The first step is to convert the encoding to a simple 8-bit format. I used Audacity to mix down the original track from stereo to mono, and exported as RAW (header-less) Unsigned 8-bit encoding at 18000Hz. The 1-channel Unsigned 8-bit format ensures that each audio frame is one byte, and the entire data stream is linear (mono); Stereo format looks more like "LRLRLR..." but mono is just "BBBB..." (Bytes). The choice of 18000Hz for a sample rate gives us a total data size of 1536000 bytes, which divides nicely into many factors. I chose image dimensions of 1500x1024 (1500 * 1024 = 1536000).

I created a new 1500x1024 Grayscale image in GIMP (just a plain white rectangle) from which I extracted the BMP header of 1146 bytes and attached this to the beginning of the RAW data output by Audacity. The result is a BMP interpretation of the audio data, which looks like this:

NOTE: This Windows BMP file encodes the data bottom-to-top, which is counterintuitive. Using a Y-dimension of "-1024" encodes the BMP top-to-bottom, but this will result in even more confusion when we bring it back to Audacity or export as PNG, so just know that the start of the audio is at the bottom and the end of the audio is at the top. (WHY??? I don't know why BMP does this...)
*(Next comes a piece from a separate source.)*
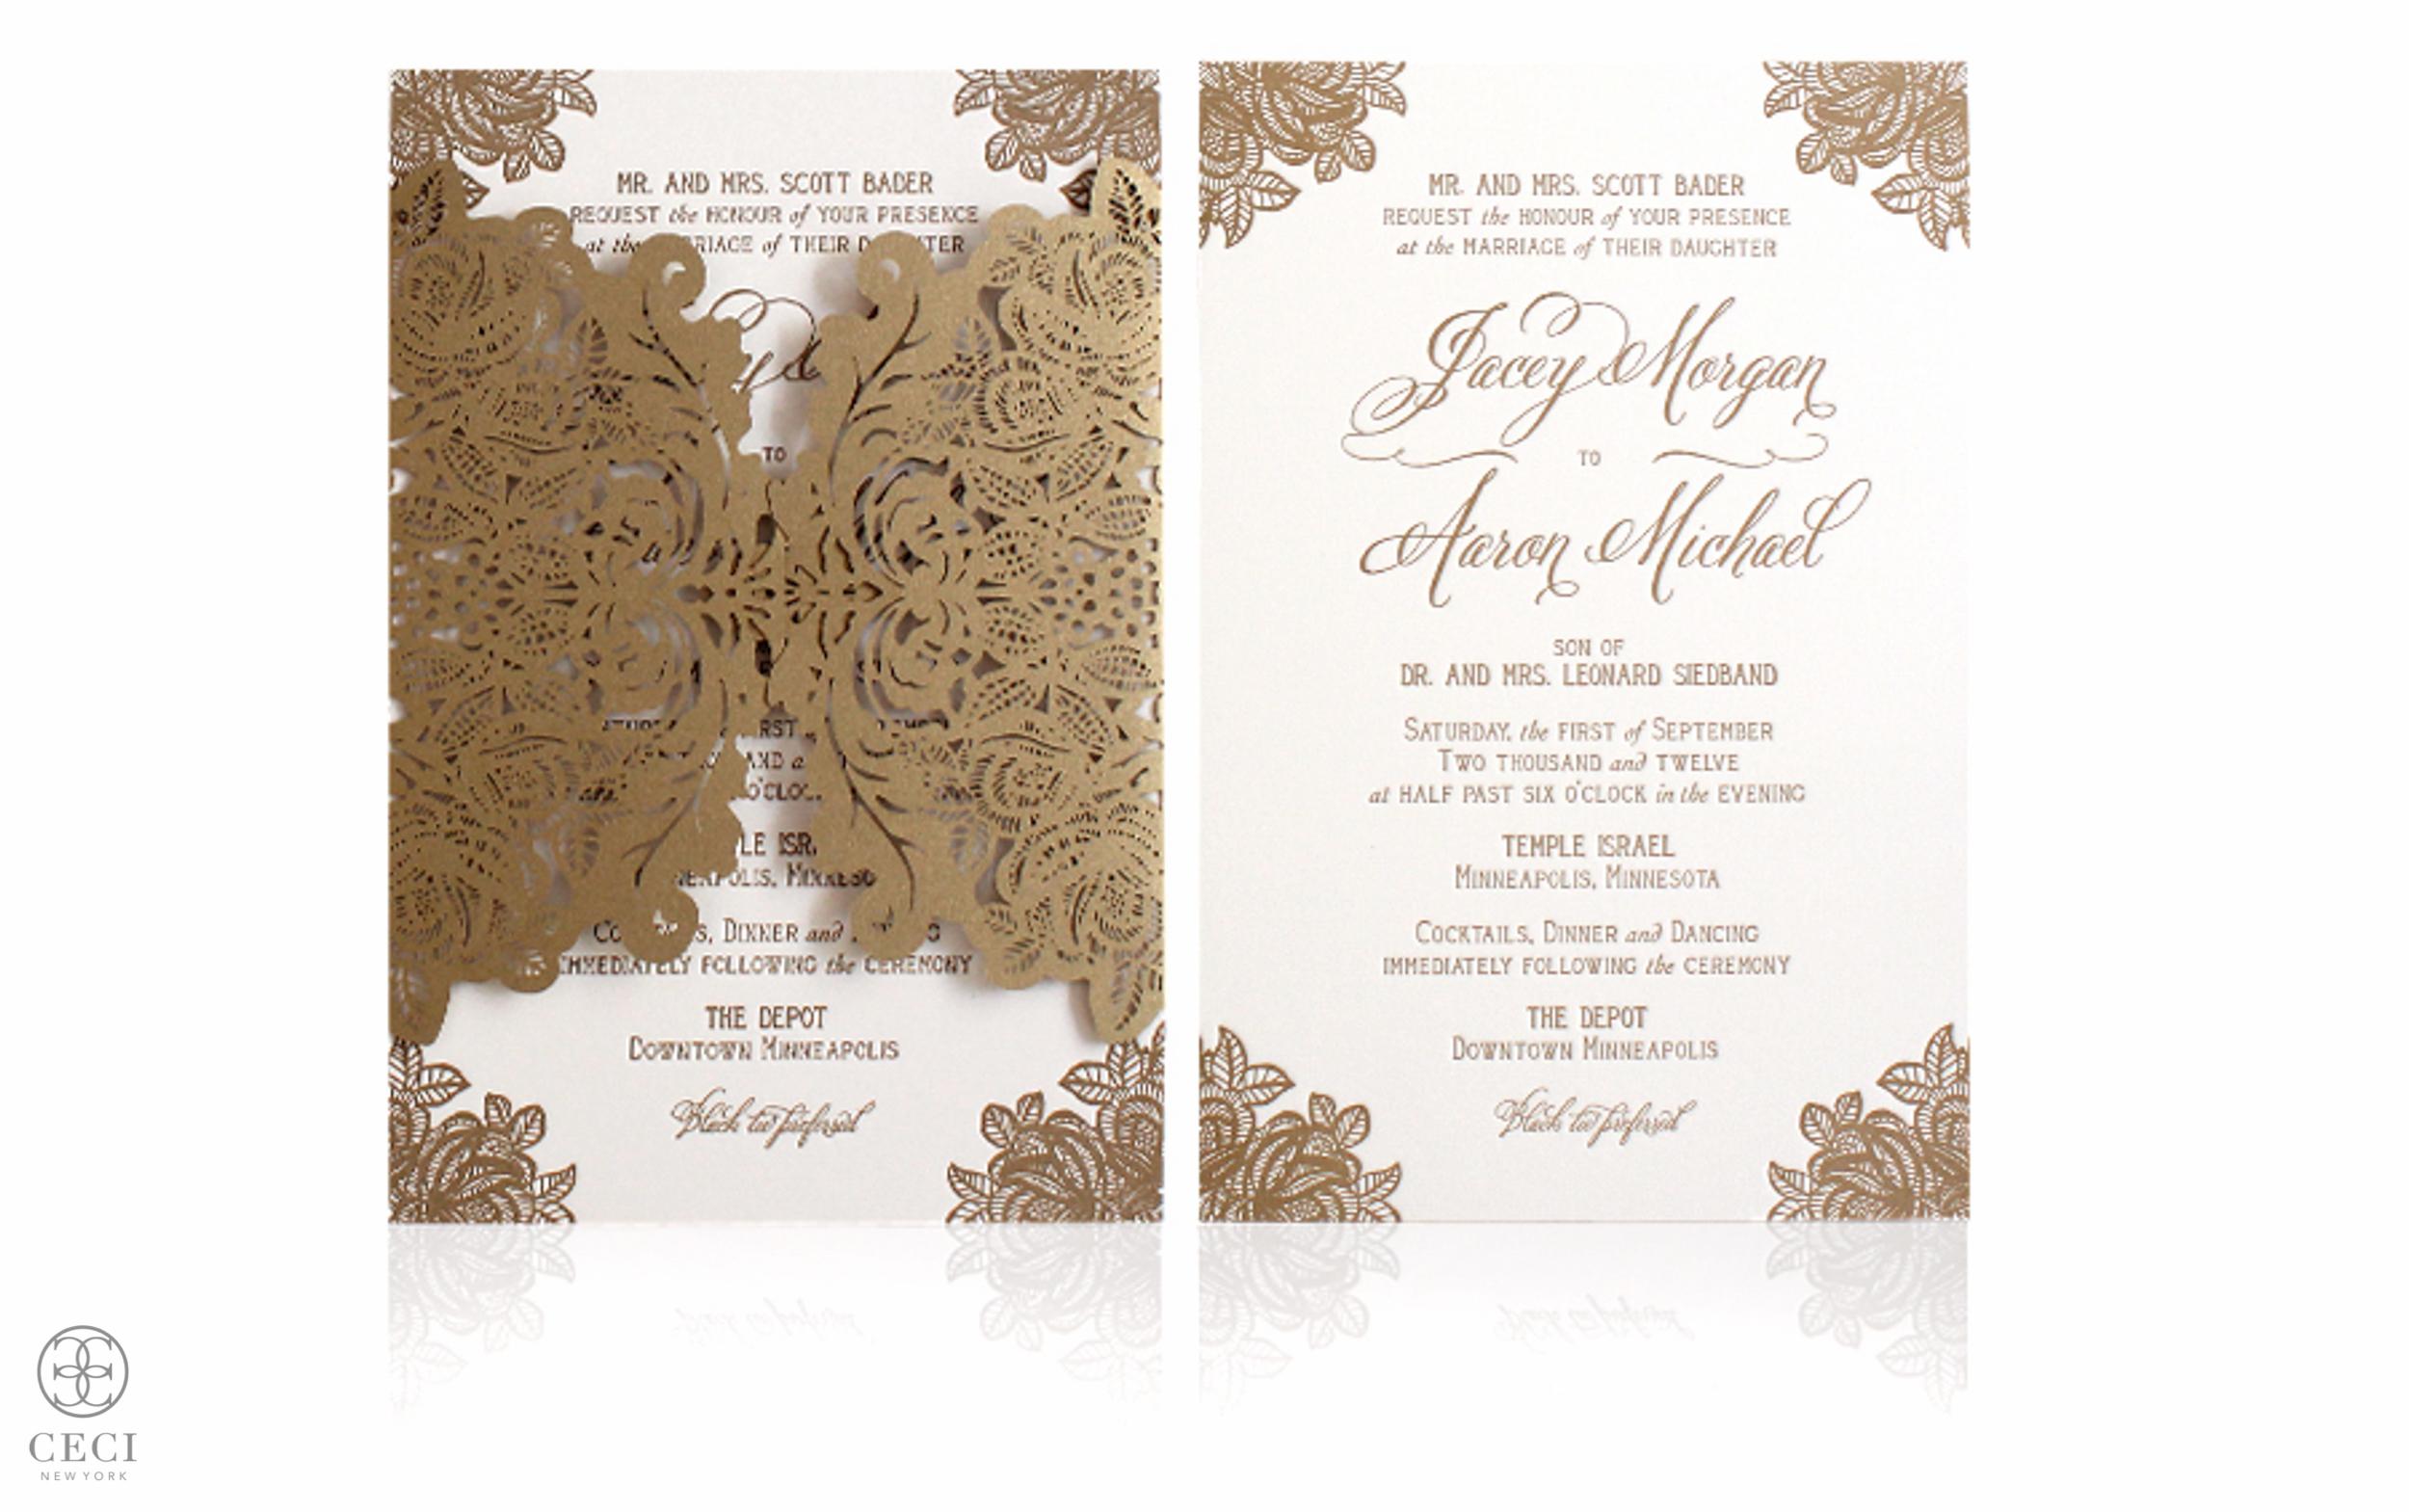 Ceci_New_York_Ceci_Style_Ceci_Johnson_Luxury_Lifestyle_Floral_Lace_Wedding_Letterpress_Inspiration_Design_Custom_Couture_Personalized_Invitations_-10.jpg

In order to bring the data back into Audacity, we simply have to "Export As..." in GIMP and use the "Other format" of Windows BMP 8bpp, then open this in Audacity using the following settings:

Encoding: Unsigned 8-bit PCM
Byte order: No Endianness (probably doesn't matter since its only 8-bit encoding)
Channels: 1 (mono)
Start offset: 1146 bytes (This skips over the BMP header, straight to the data)
Amount: 100%
Sample rate: 18000Hz

With this process defined, here are some "image transforms" performed on this track in GIMP:

GIMP Operation	Looks like	Sounds like
Filters > Distorts > Ripple
Filters > Artistic > Glass Tile
Filters > Blur > Gaussian Blur
Filters > Generic > Erode
Filters > Edge-Detect > Neon Colors > Brightness-Contrast * (See NOTE)

NOTE: The Neon transformation caused heavy bending! To make the audio more tolerable, I also adjusted Brightness and Contrast in GIMP, as well as Normalized and Compressed the resulting audio in Audacity.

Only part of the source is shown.